Welcome, the mist is rising, please make yourself comfortable. There’s tea in the pot, or perchance, you brought some wee dram of your own. The seat by the window gives the best view, allows for the easiest of hearing.
Ignore the cats, no matter what they say, and don’t open the window for the crows.
I’ll be working at the table in the corner, if you have any need, or she knocks upon the door.
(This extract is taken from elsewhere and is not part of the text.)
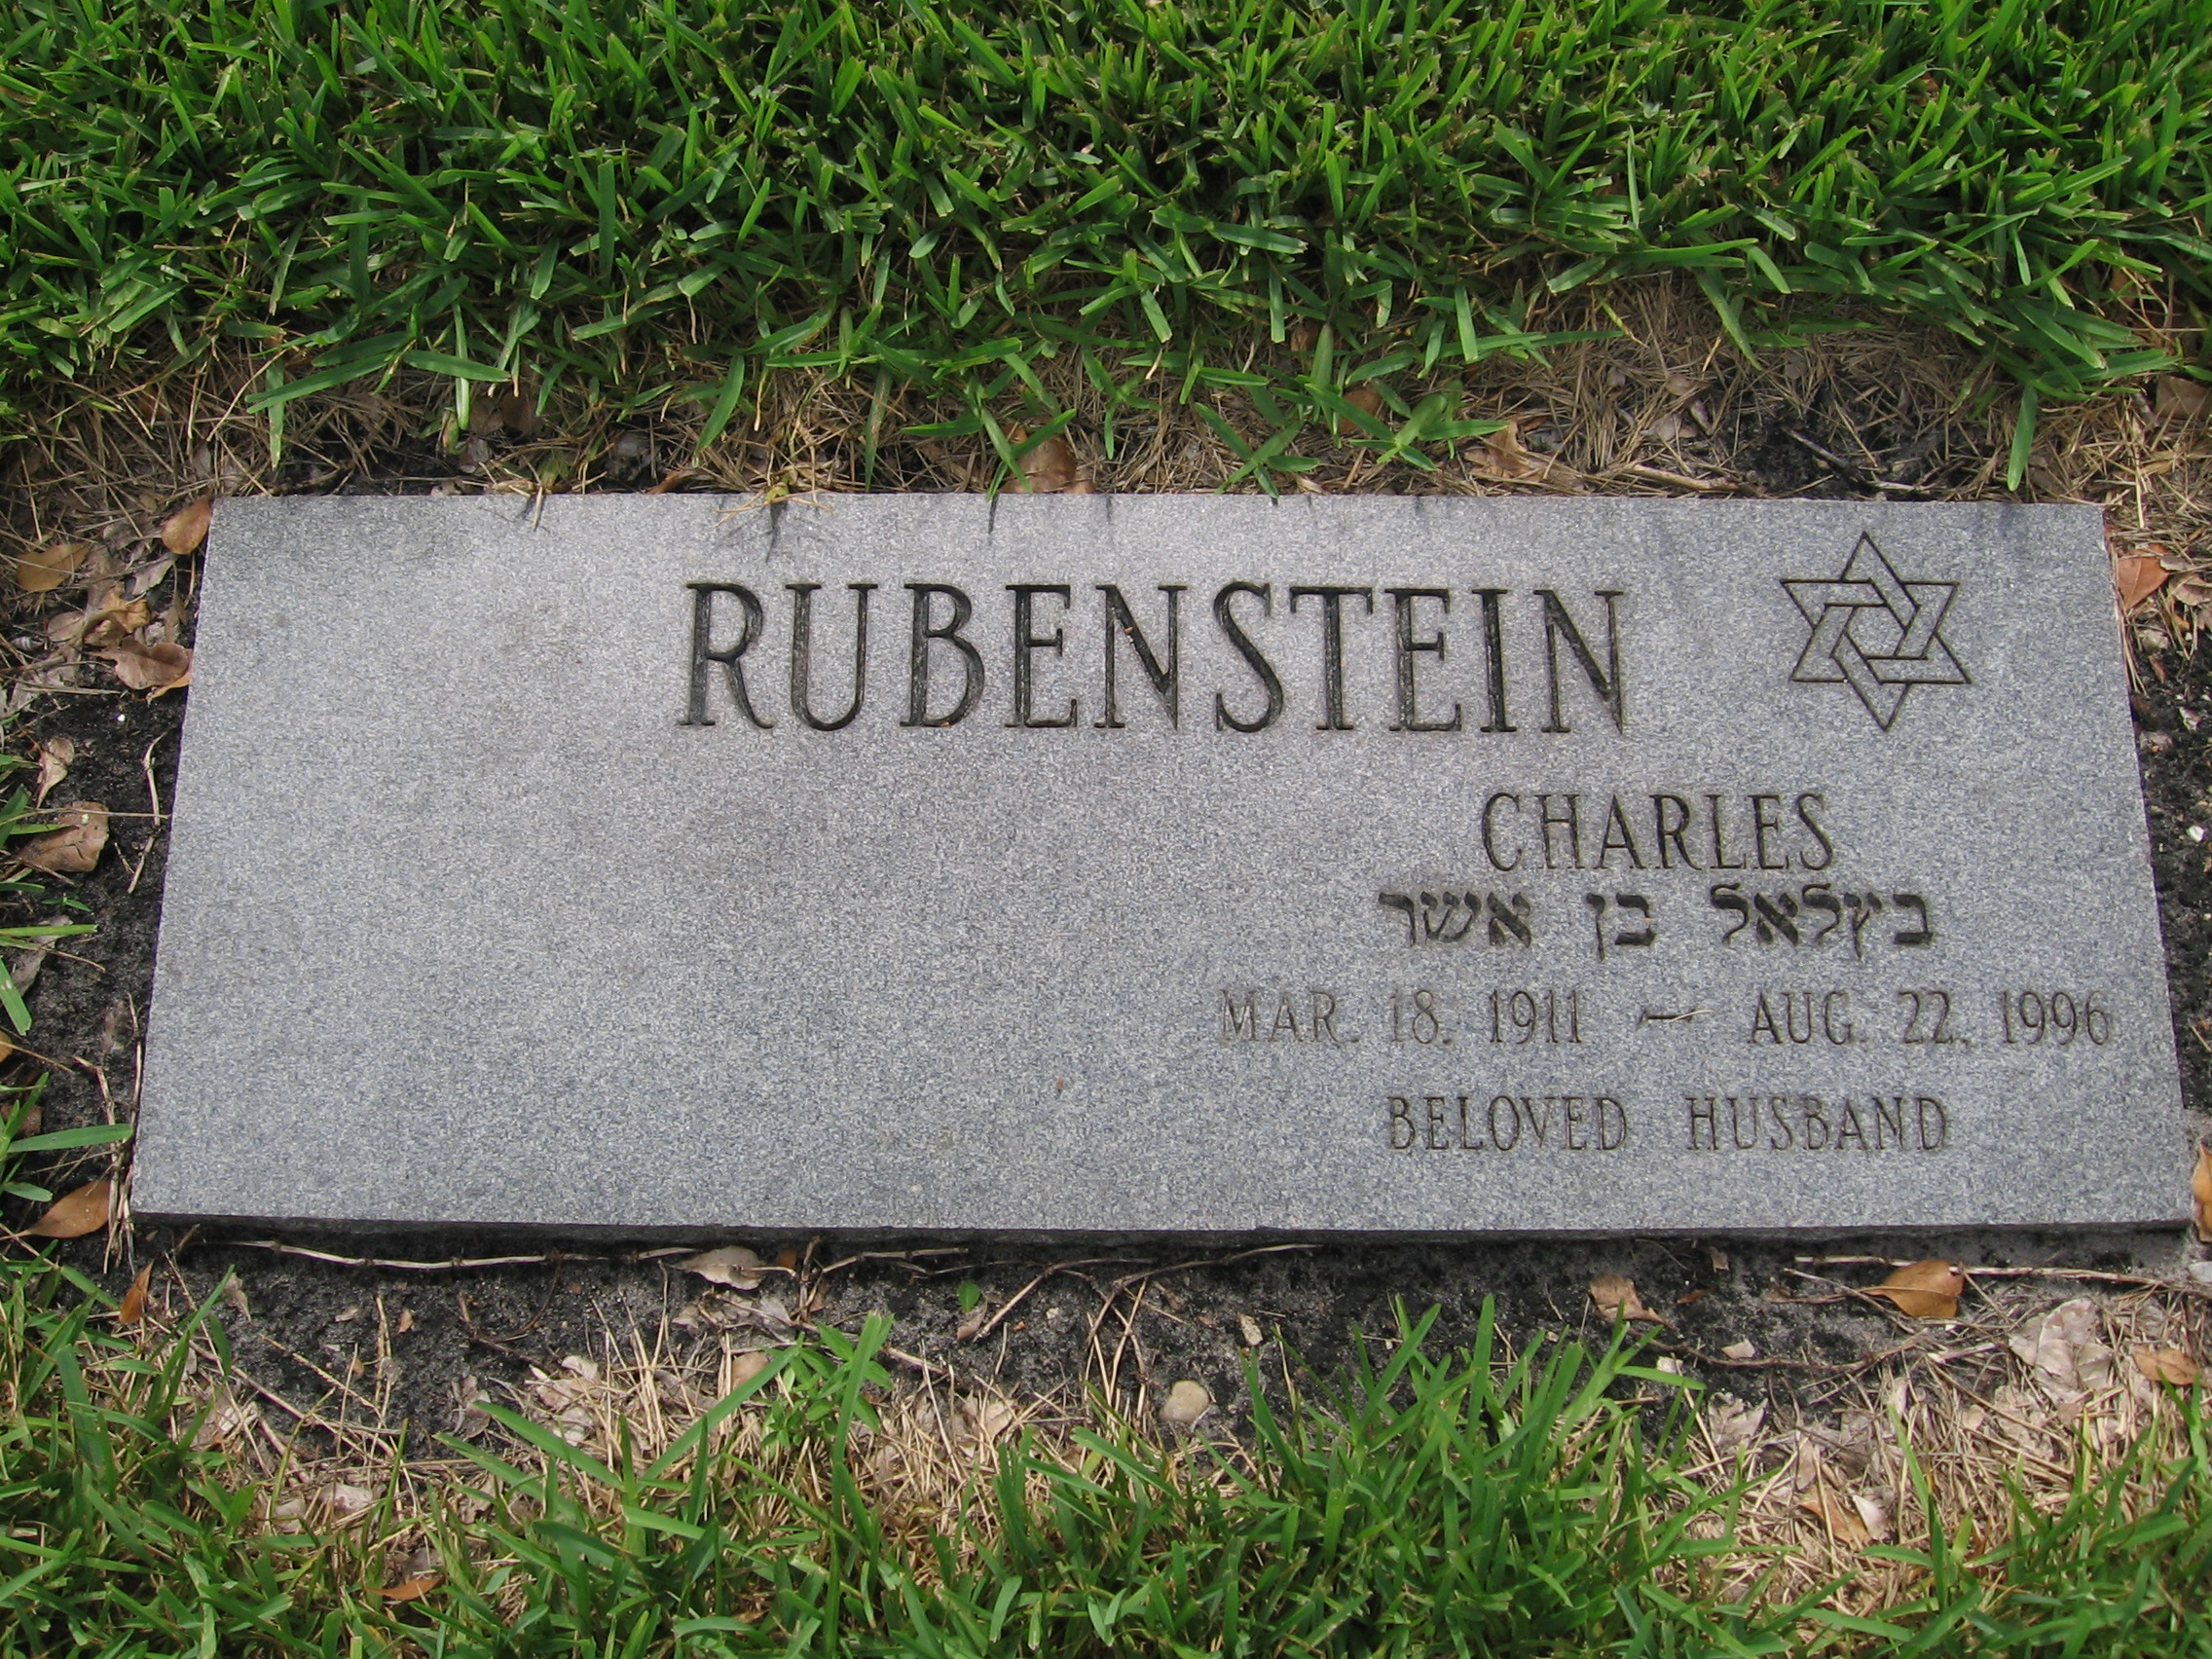 Charles Rubenstein

If you enjoy these River Mist Tales do stop by and tarry again. Until then, may your wonderings be bold and your imaginings be wise.
For three days, the dark fog, resembling an endless blanket of soft sheep’s wool, had shrouded the island. Satisfied, the fog was lifting, moving back out to sea.
Most visitors stayed indoors on those low-lit days. The islanders, resembling ghostly wraiths, worked their chores, on shore, staying away from the creaking piers, the pebbled beaches, the hidden water.
As the early morning grew lighter, gray haired Emily Hargrove pulled on her well-seasoned wool coat. She called to Lily, a round mutt of a dog, ever faithful, as old as Emily herself.
Grabbing her deep basket, Emily walked, stiff and slow, out her back door, along the shore path, moving down to the beach below.
Out of the house once more, both woman and dog were glad, glad for the brush of an easterly wind and the warming touch of a rising sun on skin and fur.
Lily reached the rock first, giving a loud bark. Emily smiled. She knew there would be shoes left behind. She had heard the music, the ebb and flow of voices, the soft creak of wood and the slap of rope.
With the shoes in her basket, Emily turned back towards home, towards hot tea and honeyed biscuits, and a closet filled with the shoes of unwitting travelers.